The highest mountain regions of Lyngsalpan are species-poor, while the lower mountainous regions, valleys, and forest areas show a greater diversity of both birds and animals. In the highlands, the species diversity is limited, and in general, you can only meet rock ptarmigans, ravens, and snow buntings. At lower altitudes, there are more species including passerines, waders, anseriformes. Wild mammal species include hares, red foxes, bobcats, and least weasels. There are also wolverines, lynxes, and moose. Squirrels and martens also live in the area. Minks and otters are found near lakes and streams. In addition to these species, there are a large number of small rodents.

== History ==
The area around Lyngen is located in the heart of the Cap of the North (Nordkalotten) on the border with Sweden and Finland. For centuries, Lyngen has been a meeting place for cultures, trade, religions, and conflicts between northern states. Historically, Lyngen was also a border area between the Russian and the Danish-Norwegian joint taxation area. After the conclusion of peace in 1326, Lyngen was placed as the western border of the taxable lands of the Novgorod Republic. Russia could collect taxes along the Norwegian coast as far as Lyngen. Lyngen was also a frontier region of great importance in recent history. During World War II, the Germans created a defensive line for protection against Soviet advance through Norway – the Lyngen Line (Lyngenlinjen) and during the cold war, Norway and NATO re-armed this defensive line again.
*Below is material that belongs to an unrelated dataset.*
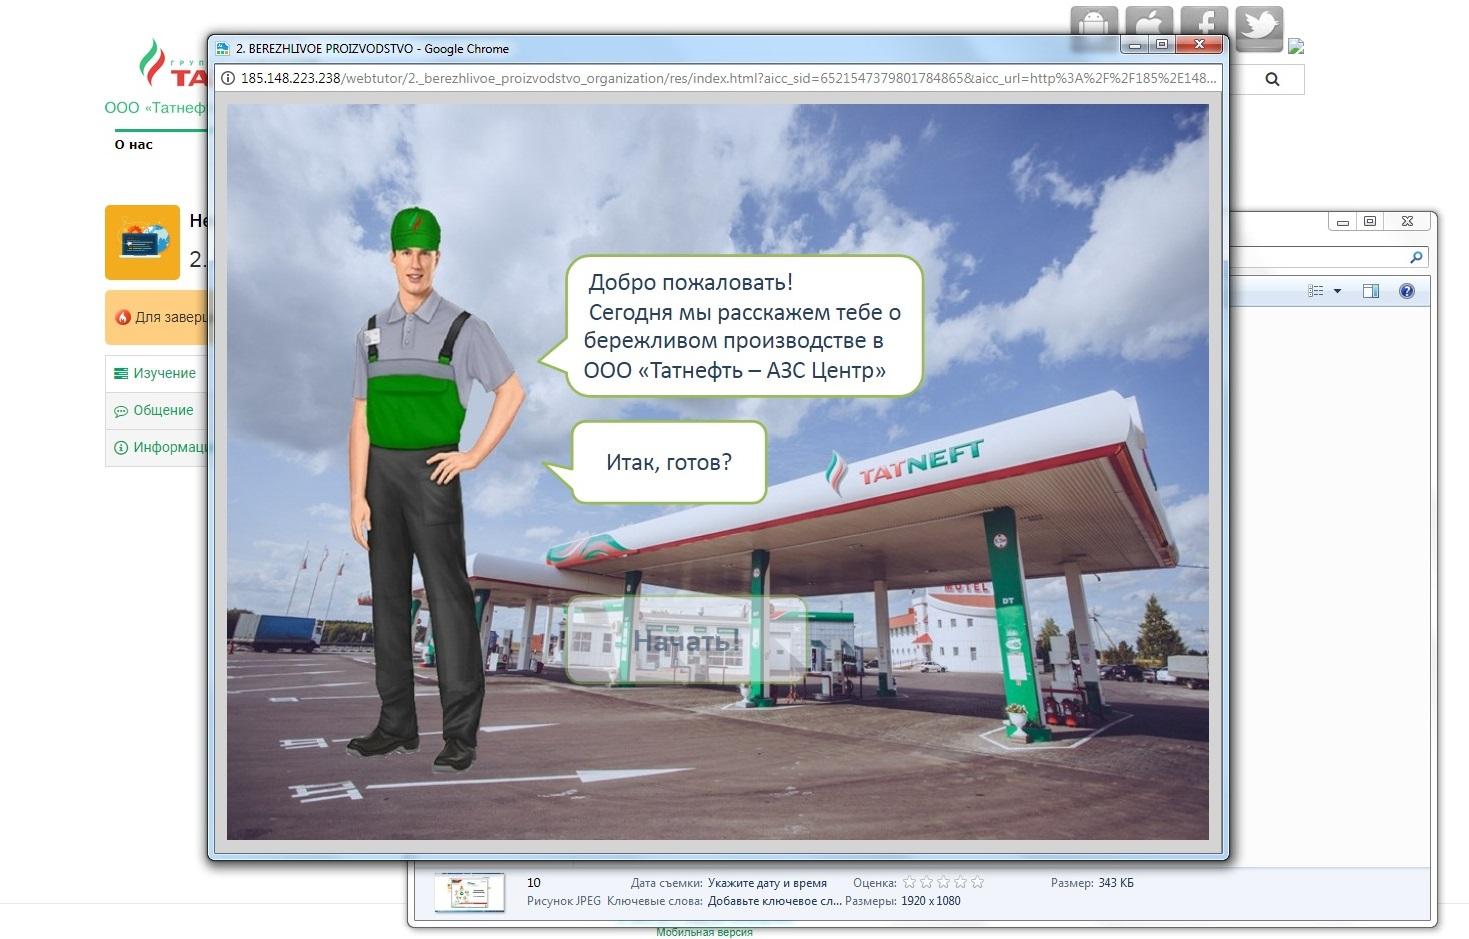 Виртуальный тур для работников при трудоустройстве в компанию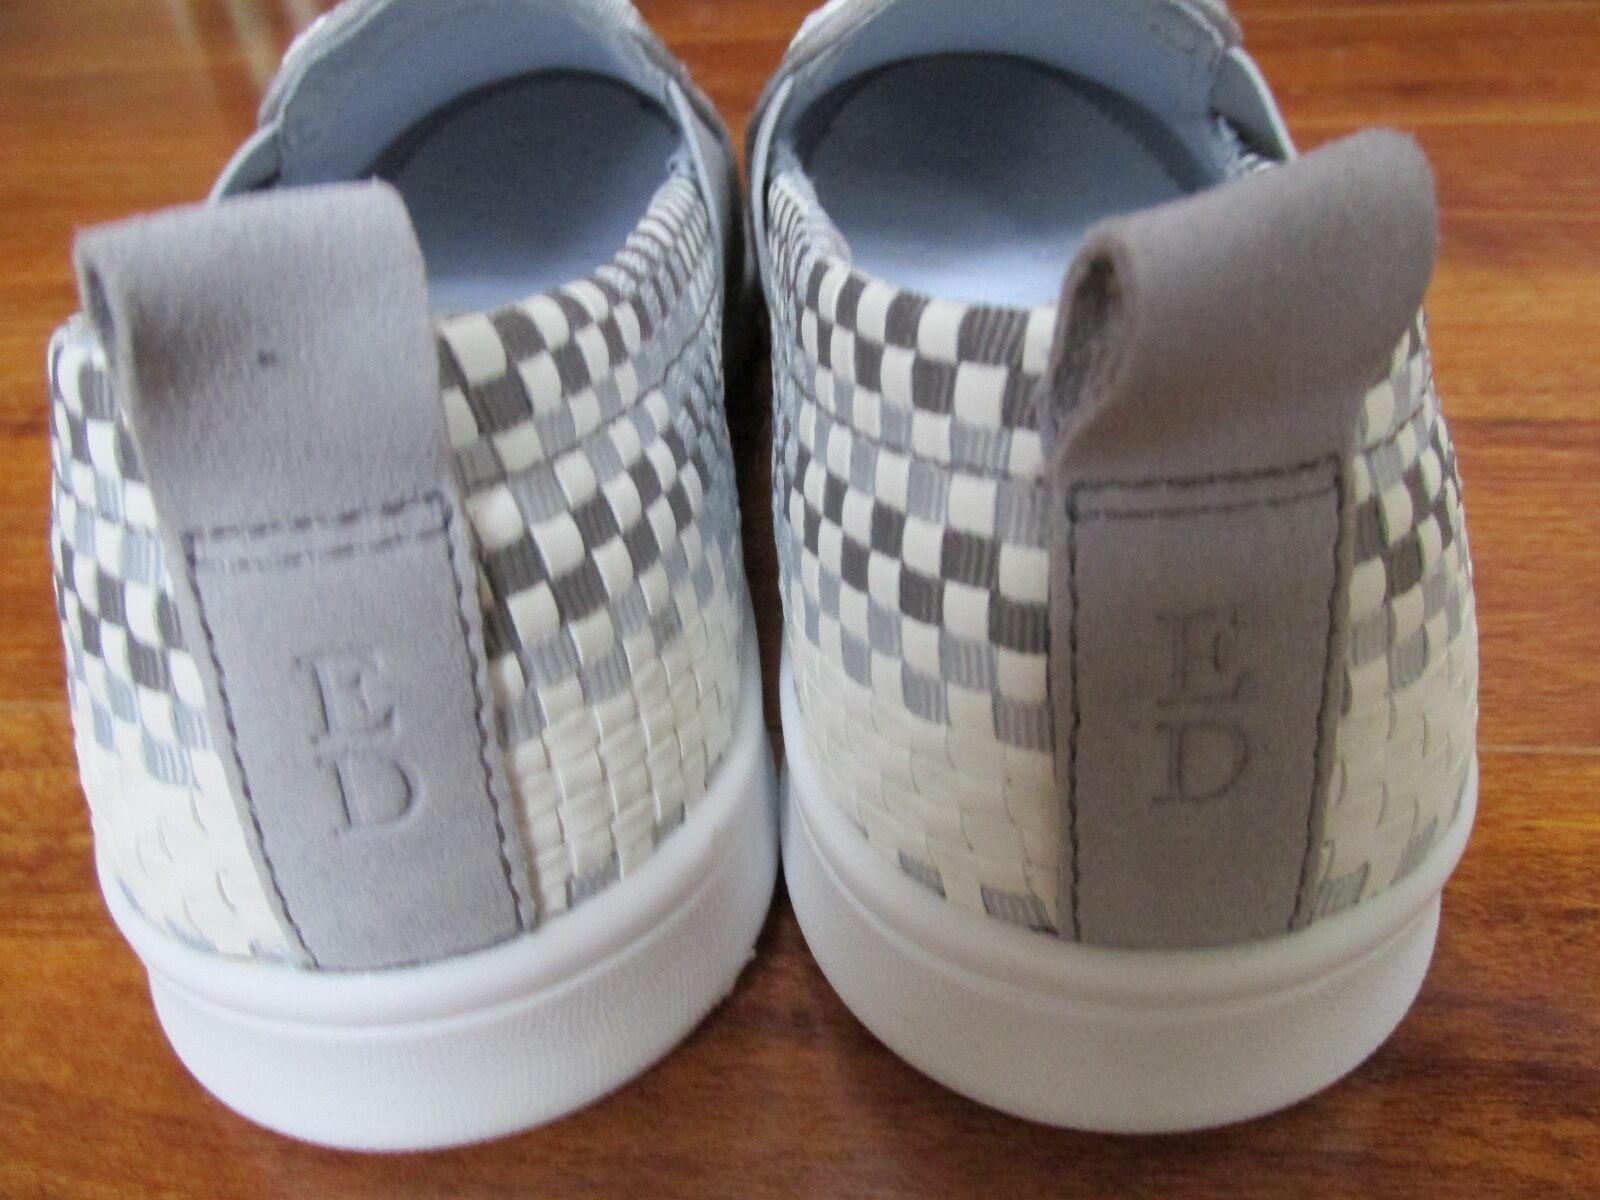 Nueva DeGeneres edición Ellen DeGeneres Nueva Carlene 2 Cuero Sin Cordones Zapatillas Deportivas Para Mujer 8.5 blancoo gris 8aa186

The Lyngen Peninsula has long been a reindeer grazing area. There are written sources that tell about the resettlement of the Swedish Sami in “Iddu-njarga”, on the Lyngen Peninsula in the 18th century. The Lapland Code of 1751 recognized the right of the Saami to use pastures across the state border, which was then formalized between Denmark/Norway and Finland/Sweden. In 1972, Norway terminated the reindeer herding agreement with Sweden.

The way of life of the Sea Sami in this area was based on a combination of several types of crafts that ensured survival. Women were primarily responsible for running the household. They took care of the children, looked after the barn, cooked, and did the housework. Men were mainly responsible for maintaining buildings and tools, fishing, hunting, firewood, mowing, and butchering livestock, and making tools and utensils. Many men went on seasonal fishing trips, while women took care of household chores.

The Kvens who crossed the border in the 18th and 19th centuries brought their customs and language with them. The Norwegians who came to Lyngen in the 17th century were merchants, Christian missionaries, and civil servants. Norwegian farmers and fishermen also lived near the resource-rich Lyngenfjord. The historical meeting of the Saami, Norwegians, and Kvens at Nordkalotten was called "the meeting of three tribes".

The mountains received official names in Northern Sámi and Kven in September 2024 from the Norwegian Mapping Authority: Ittuvárit and Yykeänvaarat.